> _EXERCISE GOAL_: Extract each line from the entries below that has the string "showroom" in it.

(Records contained in a dataset)
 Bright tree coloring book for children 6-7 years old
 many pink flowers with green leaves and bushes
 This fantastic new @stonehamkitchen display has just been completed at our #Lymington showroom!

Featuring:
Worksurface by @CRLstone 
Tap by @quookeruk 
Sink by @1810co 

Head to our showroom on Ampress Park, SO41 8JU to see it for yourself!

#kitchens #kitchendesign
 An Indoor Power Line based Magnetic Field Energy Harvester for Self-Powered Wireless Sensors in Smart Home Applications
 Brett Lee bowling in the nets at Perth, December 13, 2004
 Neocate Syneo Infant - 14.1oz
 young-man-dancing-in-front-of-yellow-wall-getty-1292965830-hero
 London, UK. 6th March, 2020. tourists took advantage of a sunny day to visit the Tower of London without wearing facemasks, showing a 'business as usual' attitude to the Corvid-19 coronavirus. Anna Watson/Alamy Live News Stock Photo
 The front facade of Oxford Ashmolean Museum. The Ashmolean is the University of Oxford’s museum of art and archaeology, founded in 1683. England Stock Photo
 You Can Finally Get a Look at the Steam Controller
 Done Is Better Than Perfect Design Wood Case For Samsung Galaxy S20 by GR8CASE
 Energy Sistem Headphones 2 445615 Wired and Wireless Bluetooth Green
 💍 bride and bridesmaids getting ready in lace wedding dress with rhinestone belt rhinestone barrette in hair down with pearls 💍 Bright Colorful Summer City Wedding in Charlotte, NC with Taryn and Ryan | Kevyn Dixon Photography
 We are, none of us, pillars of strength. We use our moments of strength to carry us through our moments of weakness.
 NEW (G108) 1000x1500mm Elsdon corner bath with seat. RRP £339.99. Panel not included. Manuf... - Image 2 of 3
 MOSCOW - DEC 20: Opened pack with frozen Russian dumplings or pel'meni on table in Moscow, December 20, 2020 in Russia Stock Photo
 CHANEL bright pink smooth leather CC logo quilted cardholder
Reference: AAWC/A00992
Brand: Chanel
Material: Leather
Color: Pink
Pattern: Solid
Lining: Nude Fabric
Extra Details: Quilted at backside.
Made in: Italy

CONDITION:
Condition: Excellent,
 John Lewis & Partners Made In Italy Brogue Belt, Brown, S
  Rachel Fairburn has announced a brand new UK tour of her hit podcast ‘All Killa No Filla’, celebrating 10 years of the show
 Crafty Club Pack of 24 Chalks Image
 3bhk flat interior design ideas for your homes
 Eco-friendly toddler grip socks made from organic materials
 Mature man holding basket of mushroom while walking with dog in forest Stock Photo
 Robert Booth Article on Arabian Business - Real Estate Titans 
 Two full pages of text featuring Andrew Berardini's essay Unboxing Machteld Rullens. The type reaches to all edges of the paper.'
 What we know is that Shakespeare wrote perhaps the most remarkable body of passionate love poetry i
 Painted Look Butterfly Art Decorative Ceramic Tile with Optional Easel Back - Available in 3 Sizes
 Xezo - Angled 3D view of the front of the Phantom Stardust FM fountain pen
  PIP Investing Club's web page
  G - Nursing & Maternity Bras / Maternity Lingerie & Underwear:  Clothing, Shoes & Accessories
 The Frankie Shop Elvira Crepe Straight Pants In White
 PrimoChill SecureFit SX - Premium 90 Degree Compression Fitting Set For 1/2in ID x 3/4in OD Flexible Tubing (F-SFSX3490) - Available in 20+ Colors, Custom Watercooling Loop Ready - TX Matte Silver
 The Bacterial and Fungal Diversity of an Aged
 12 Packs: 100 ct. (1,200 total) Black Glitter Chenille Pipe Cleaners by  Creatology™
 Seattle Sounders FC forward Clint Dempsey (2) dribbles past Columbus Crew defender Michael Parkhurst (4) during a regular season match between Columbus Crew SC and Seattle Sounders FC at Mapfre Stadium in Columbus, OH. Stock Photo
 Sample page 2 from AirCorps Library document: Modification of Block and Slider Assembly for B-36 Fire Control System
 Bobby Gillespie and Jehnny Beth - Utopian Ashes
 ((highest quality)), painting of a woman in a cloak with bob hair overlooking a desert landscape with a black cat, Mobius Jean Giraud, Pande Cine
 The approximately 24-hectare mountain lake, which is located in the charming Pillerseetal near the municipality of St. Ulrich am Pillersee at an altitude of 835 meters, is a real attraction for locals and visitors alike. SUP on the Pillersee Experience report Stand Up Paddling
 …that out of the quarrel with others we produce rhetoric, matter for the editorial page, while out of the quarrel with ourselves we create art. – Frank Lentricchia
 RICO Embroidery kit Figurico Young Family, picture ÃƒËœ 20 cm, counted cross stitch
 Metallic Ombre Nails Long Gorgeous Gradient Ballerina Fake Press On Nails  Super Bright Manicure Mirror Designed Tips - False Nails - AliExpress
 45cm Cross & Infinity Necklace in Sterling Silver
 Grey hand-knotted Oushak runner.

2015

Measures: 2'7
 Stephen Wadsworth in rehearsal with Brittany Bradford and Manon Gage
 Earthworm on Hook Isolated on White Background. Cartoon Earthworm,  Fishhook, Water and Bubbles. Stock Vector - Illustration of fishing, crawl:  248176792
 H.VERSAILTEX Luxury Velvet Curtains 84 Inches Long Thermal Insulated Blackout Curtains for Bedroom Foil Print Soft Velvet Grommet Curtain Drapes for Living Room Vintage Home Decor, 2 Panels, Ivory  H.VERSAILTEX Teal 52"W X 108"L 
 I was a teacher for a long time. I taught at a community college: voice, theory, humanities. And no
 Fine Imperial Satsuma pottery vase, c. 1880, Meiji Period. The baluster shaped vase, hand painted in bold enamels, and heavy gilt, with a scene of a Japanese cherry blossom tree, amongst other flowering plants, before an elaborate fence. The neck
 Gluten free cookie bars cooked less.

> _ANSWER AREA_:
 This fantastic new @stonehamkitchen display has just been completed at our #Lymington showroom!
Head to our showroom on Ampress Park, SO41 8JU to see it for yourself!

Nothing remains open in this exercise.